Google CIO Ruth Porat. Photo by Joe Scarnici/Getty Images for Fortune

Google began rolling out AI overviews to U.S. users in May. Almost immediately, things started going wrong. The AI search results were hallucinating or spewing inaccuracies, telling users to eat rocks or make pizza sauce with non-toxic glue, for example.

Related: These Are AI’s ‘Most Obvious’ Risks, According to Google’s Former CEO

In the following months, Google adjusted the sources that it drew from for AI overviews, shifting away from forum-based sites like Reddit and more to sites with specialized knowledge, like Runners World.

Now, it’s clear that Google intends to keep adding AI features to search, even if it is a risky move.

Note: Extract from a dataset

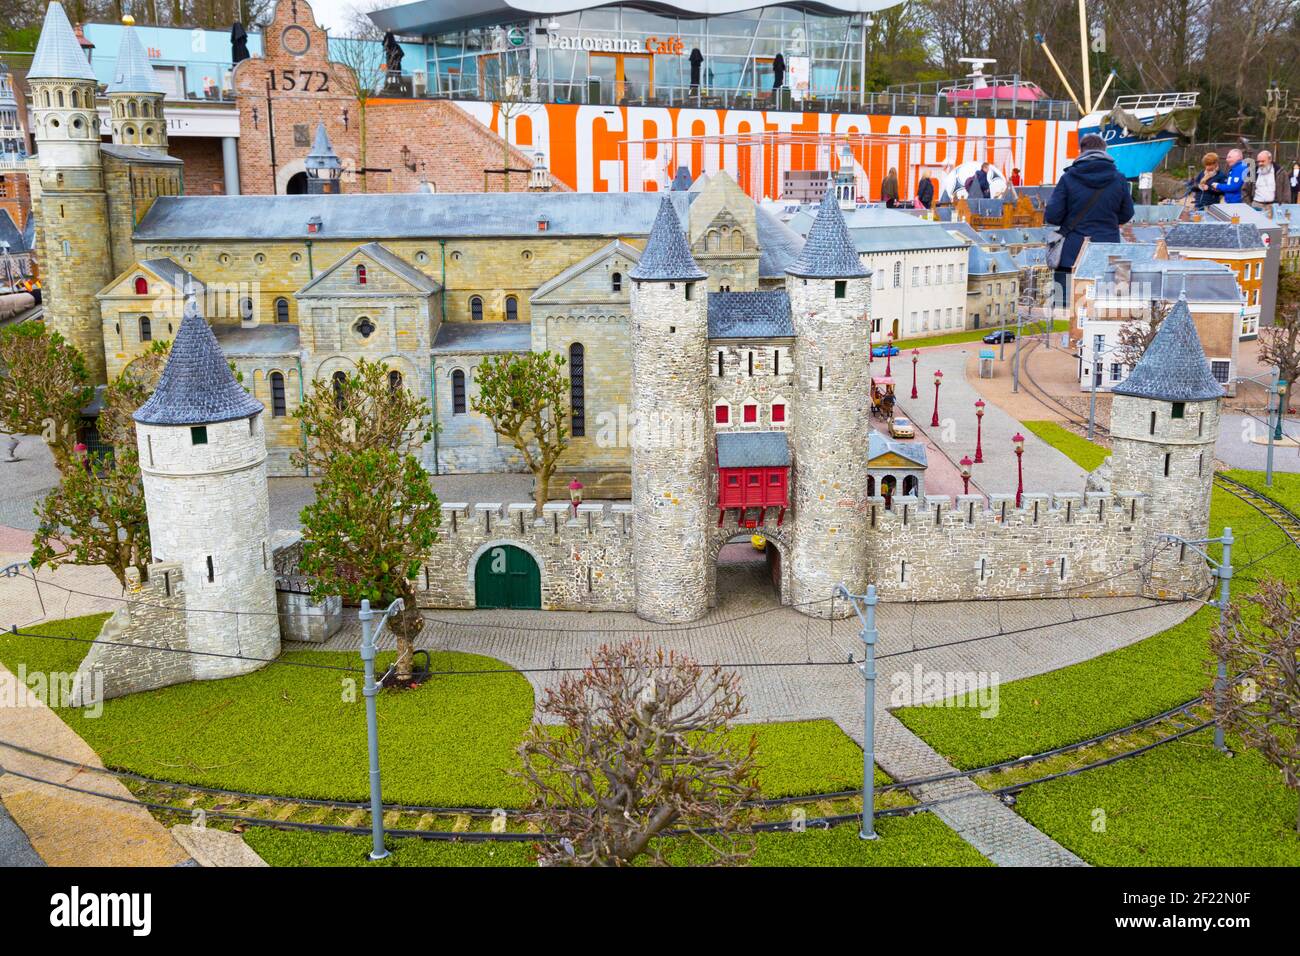 Madurodam, miniature park and tourist attraction in Hague, Netherlands Stock Photo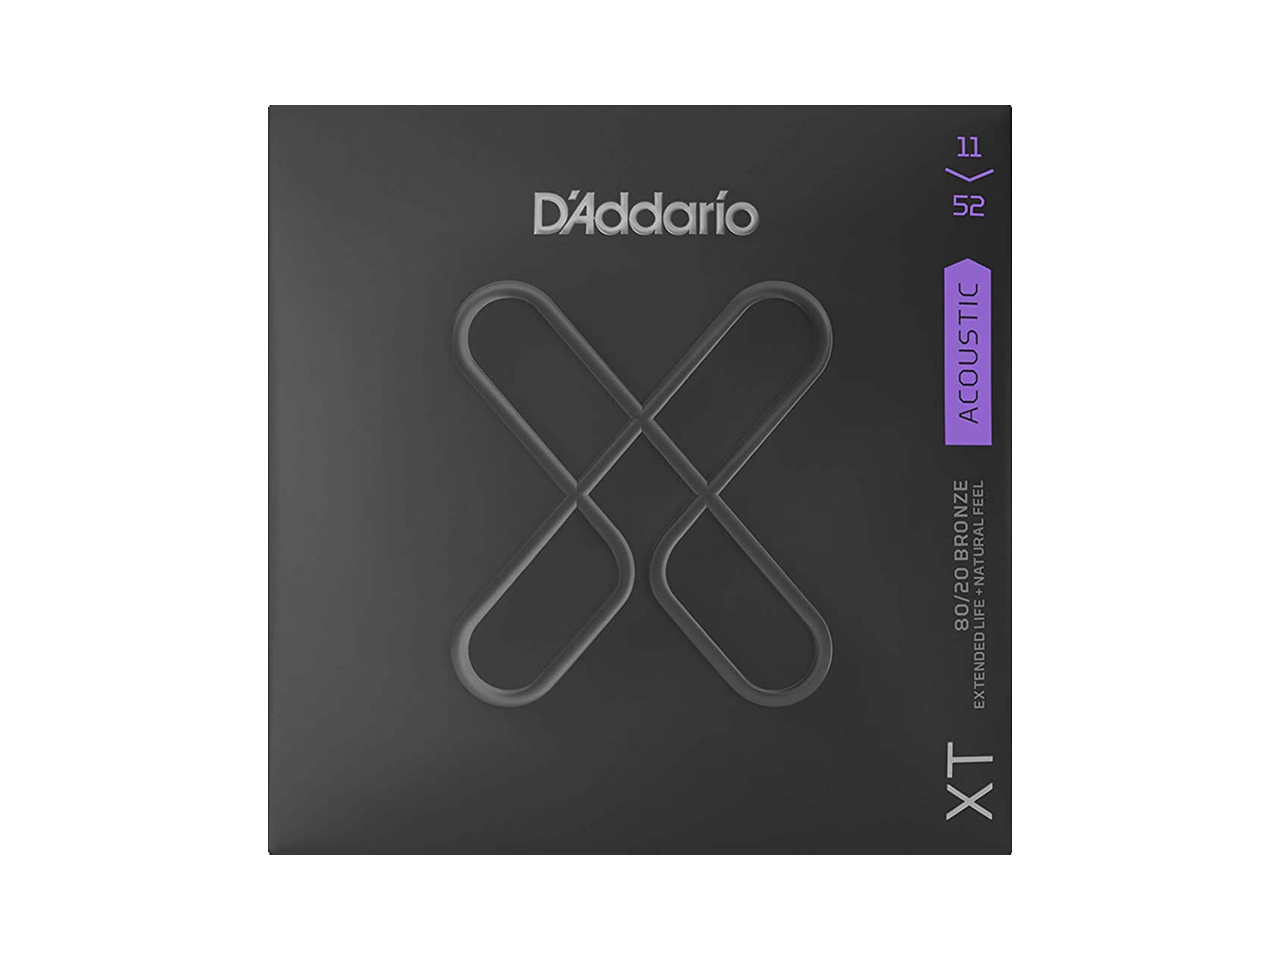 D'Addario(ダダリオ) XT ACOUSTIC 80/20 BRONZE, CUSTOM LIGHT / XTABR1152 (アコースティックギター弦)

Last week, Google CEO Sundar Pichai explained at the New York Times DealBook Summit that Google Search will significantly change next year. As AI models get more advanced, Search will be able to handle more complex questions than ever.

“I think you’ll be surprised even early in ’25 the kind of newer things Search can do compared to where it is today,” he said.

Related: Google CEO Sundar Pichai Says ‘You’ll Be Surprised’ By How Google Search Changes Next Year

Google has 89.98% of the global search engine market share, according to Stat Counter, with competitors like Bing and Yahoo! only holding 3.94% and 1.24% respectively.